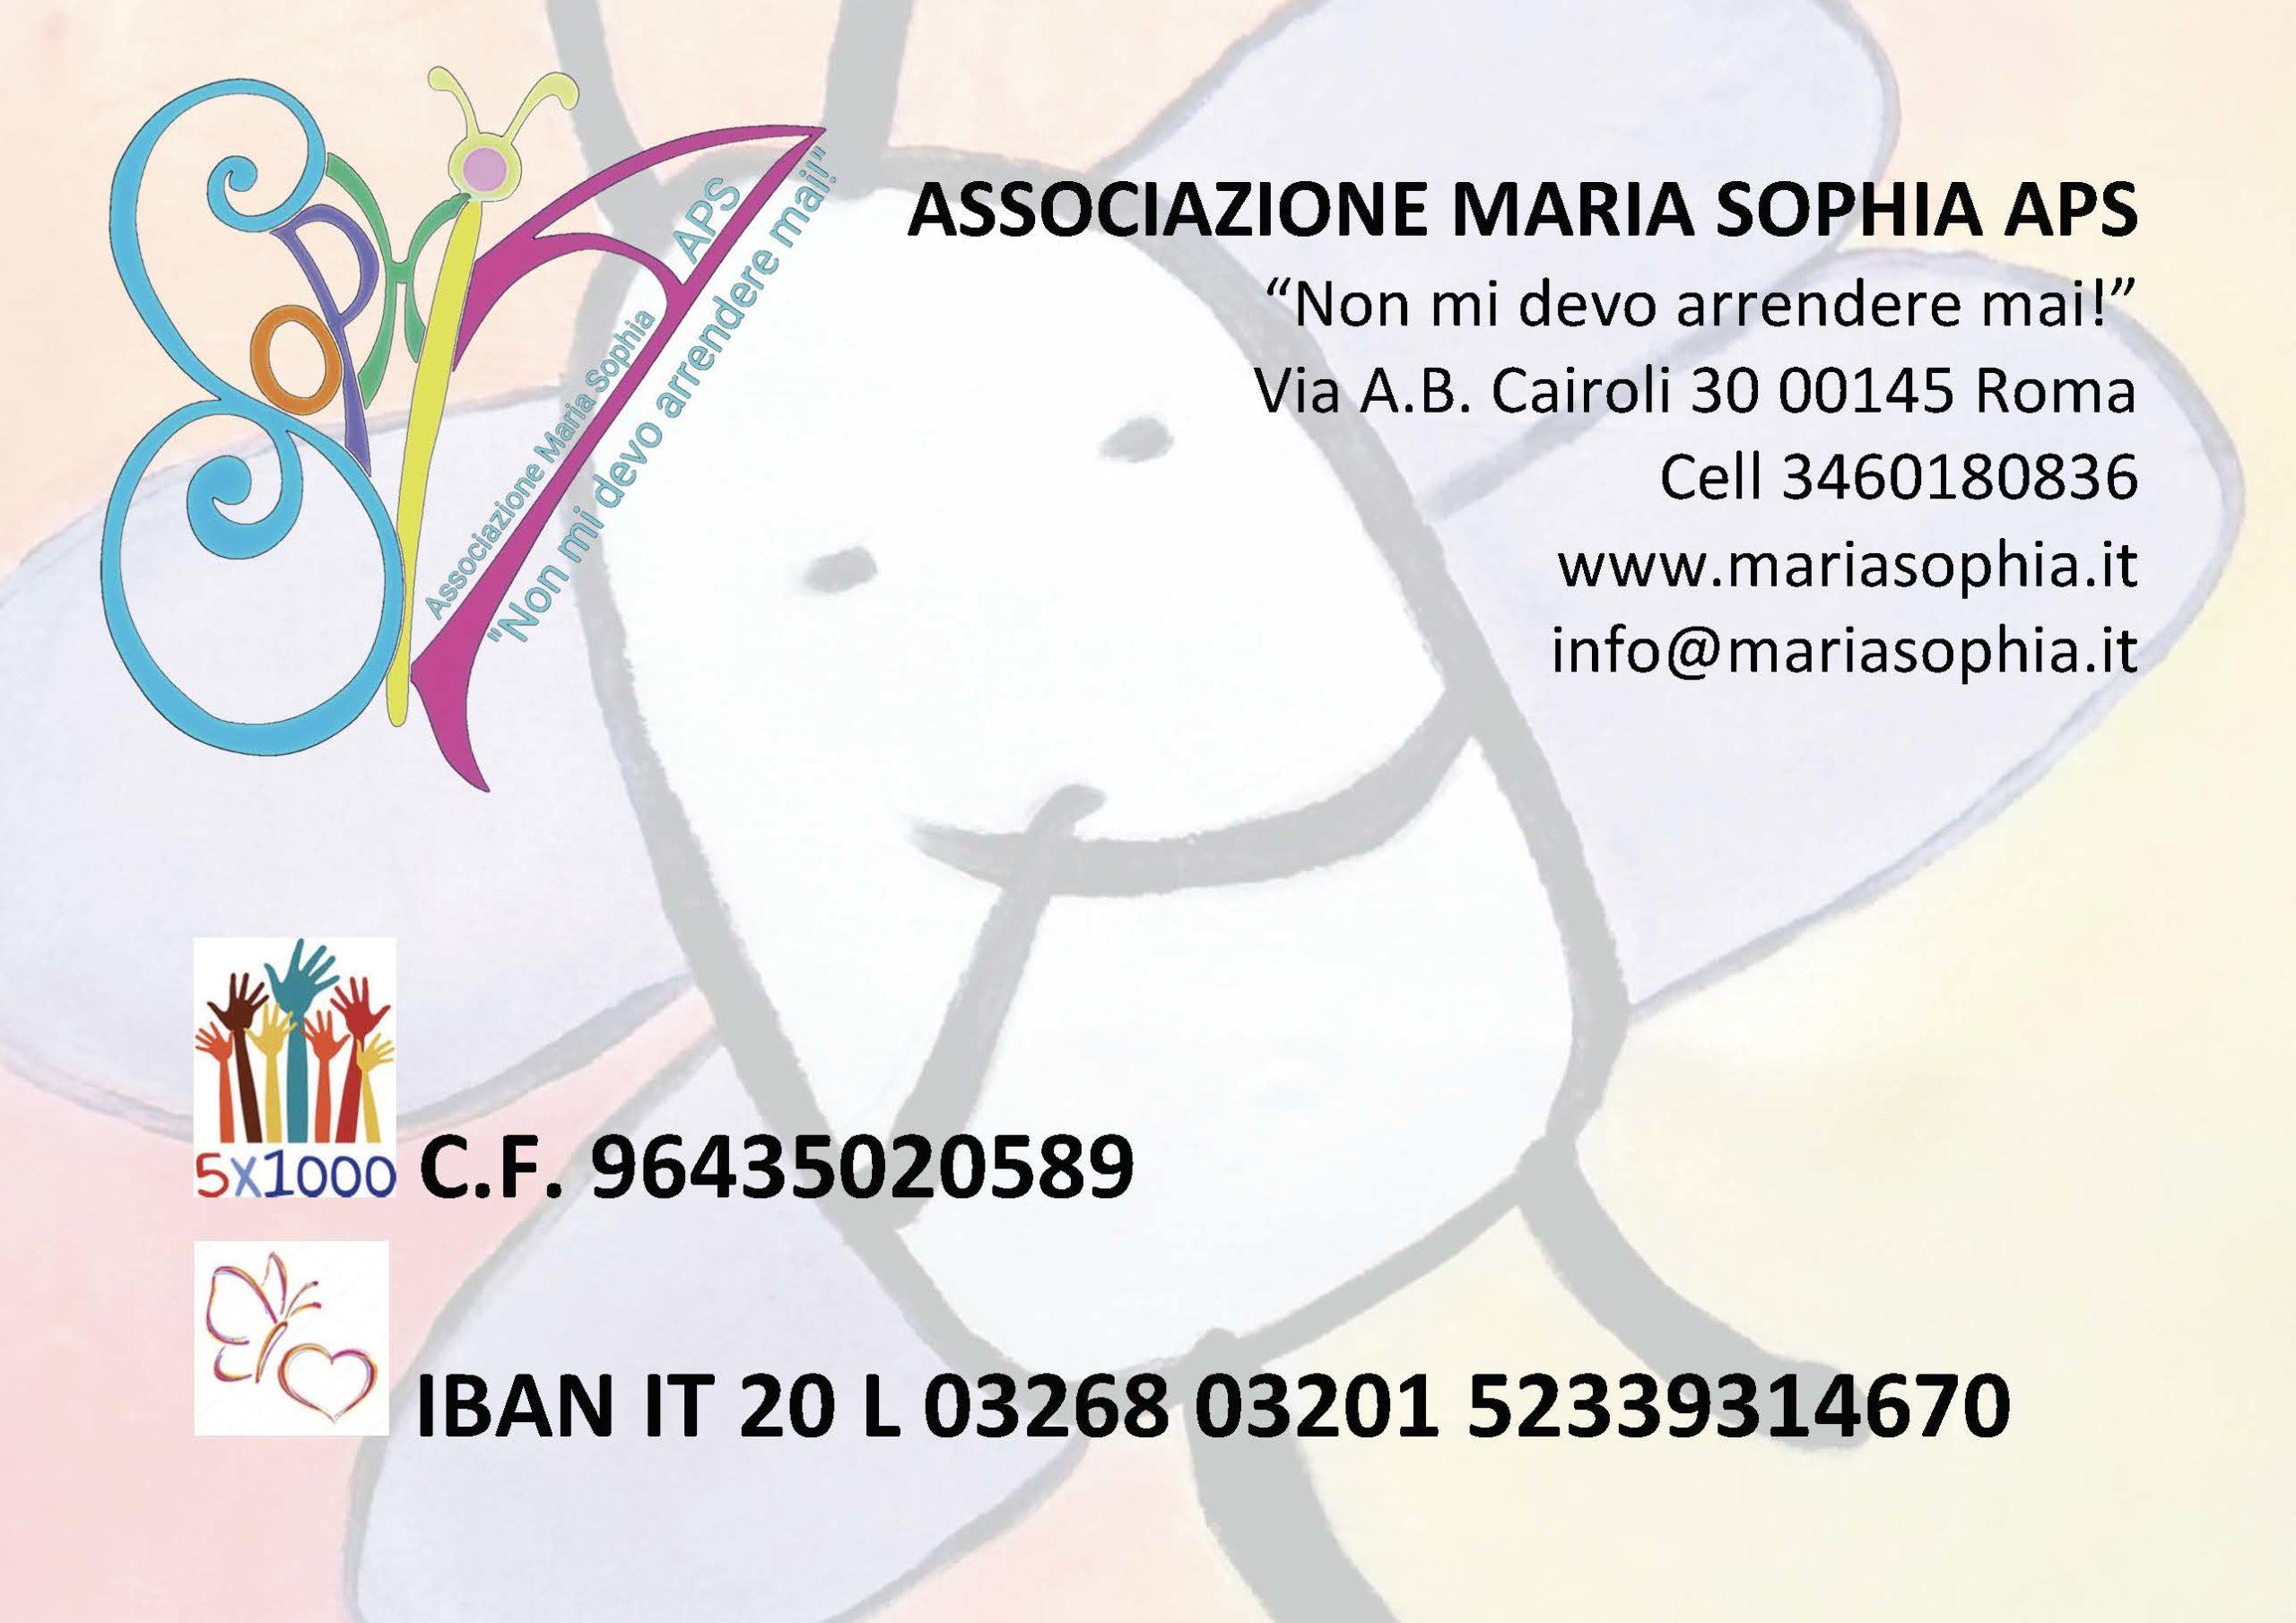 ASSOCIAZIONE MARIA SOPHIA APS_Pagina_1
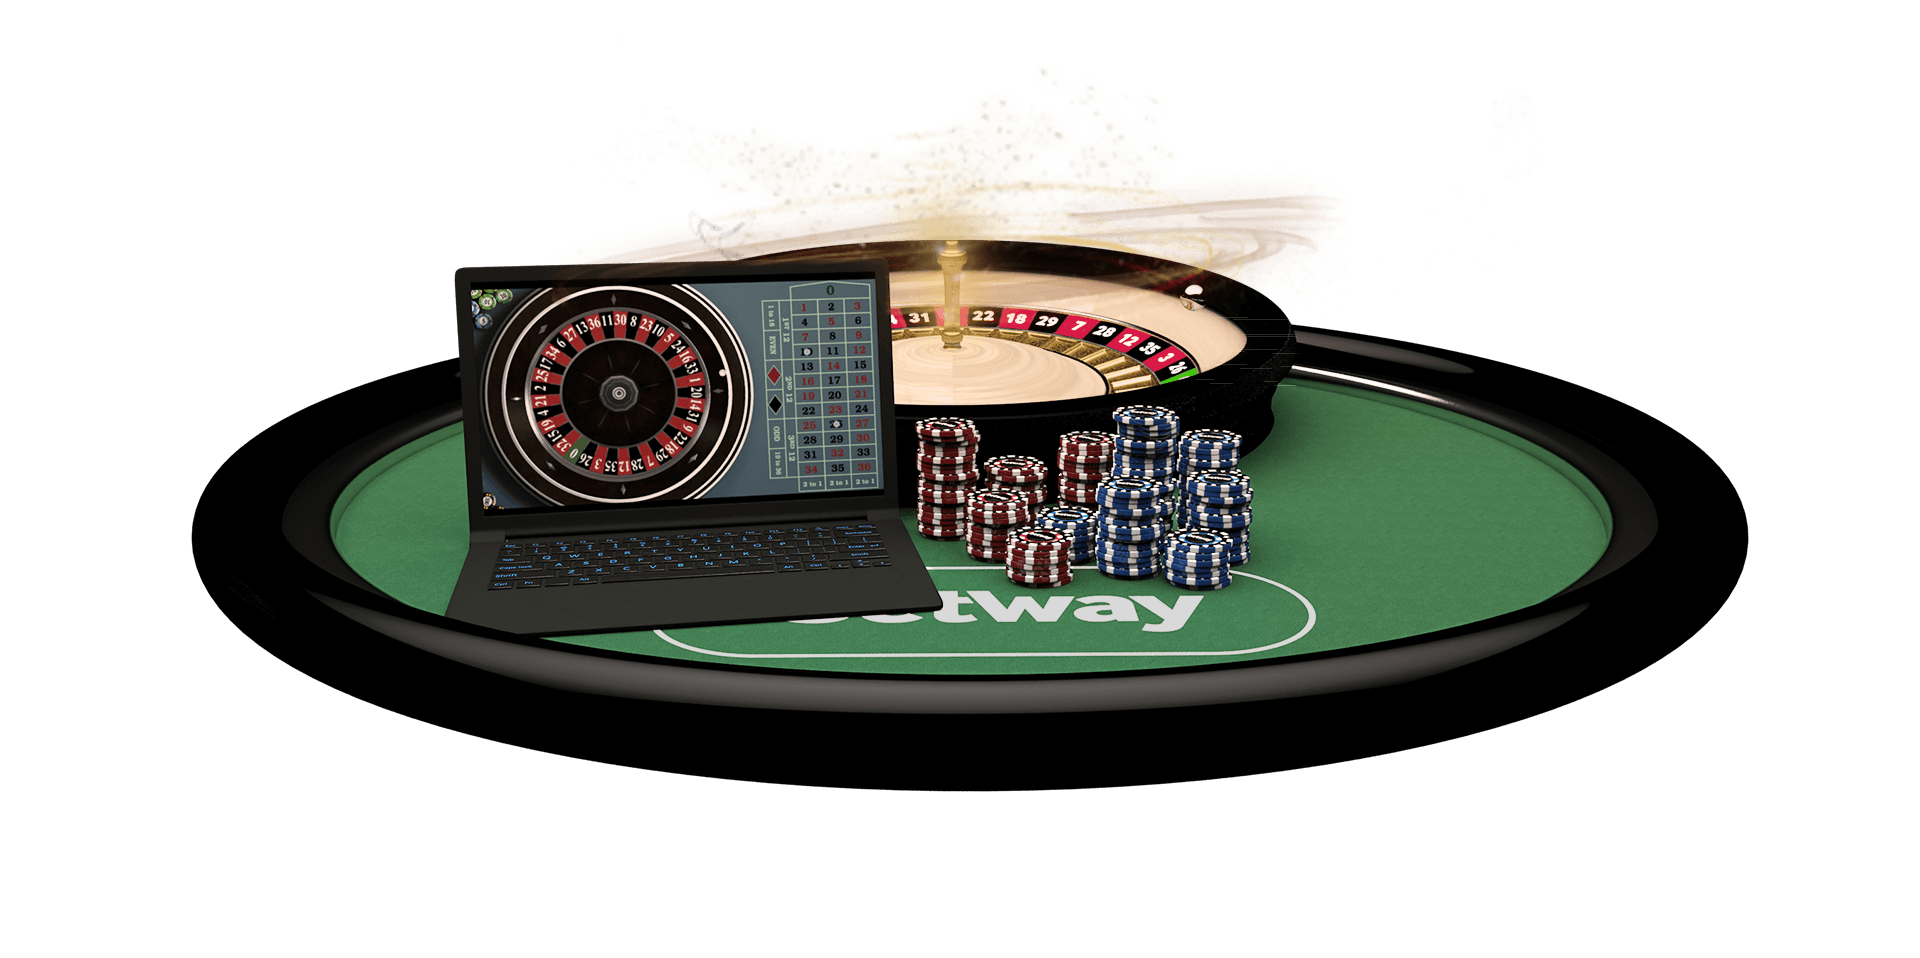 bonus roulette spielen bet way casino online
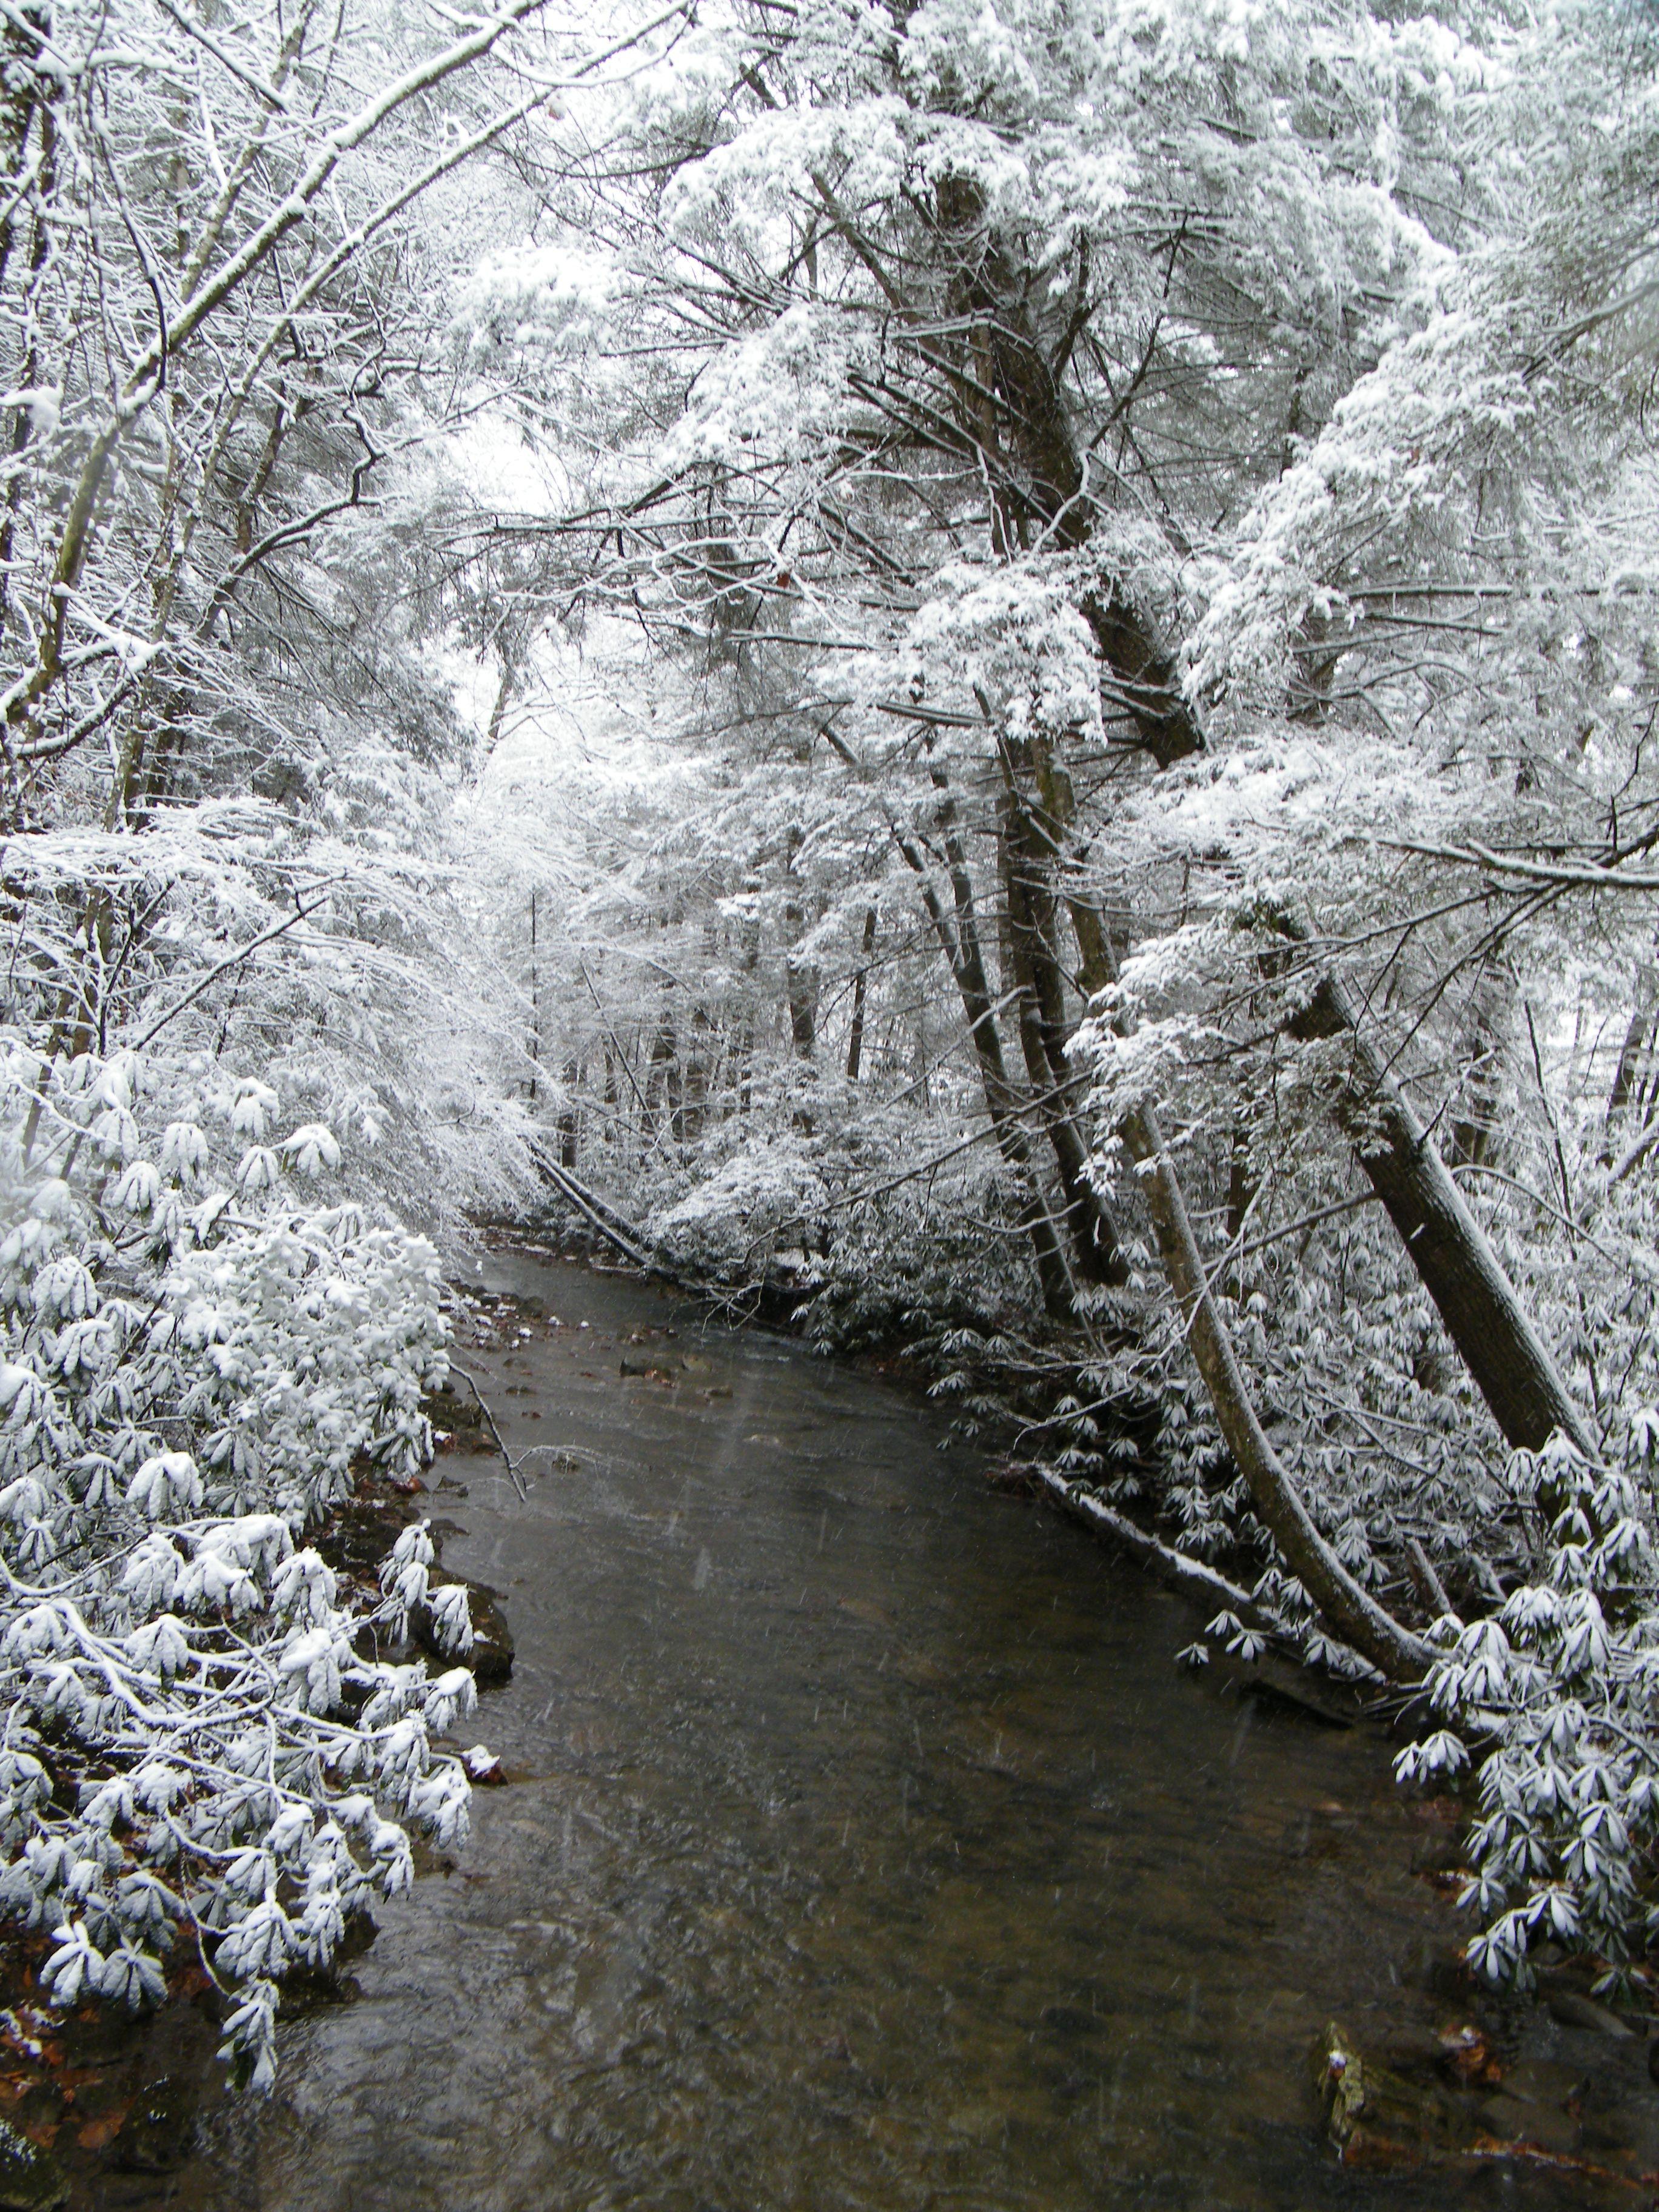 Wild River - Martin's Fork, KY

######

Your reply must match the data above line for line, except that it holds no pictures.

 ASSOCIAZIONE MARIA SOPHIA APS_Pagina_1
 bonus roulette spielen bet way casino online
 Wild River - Martin's Fork, KY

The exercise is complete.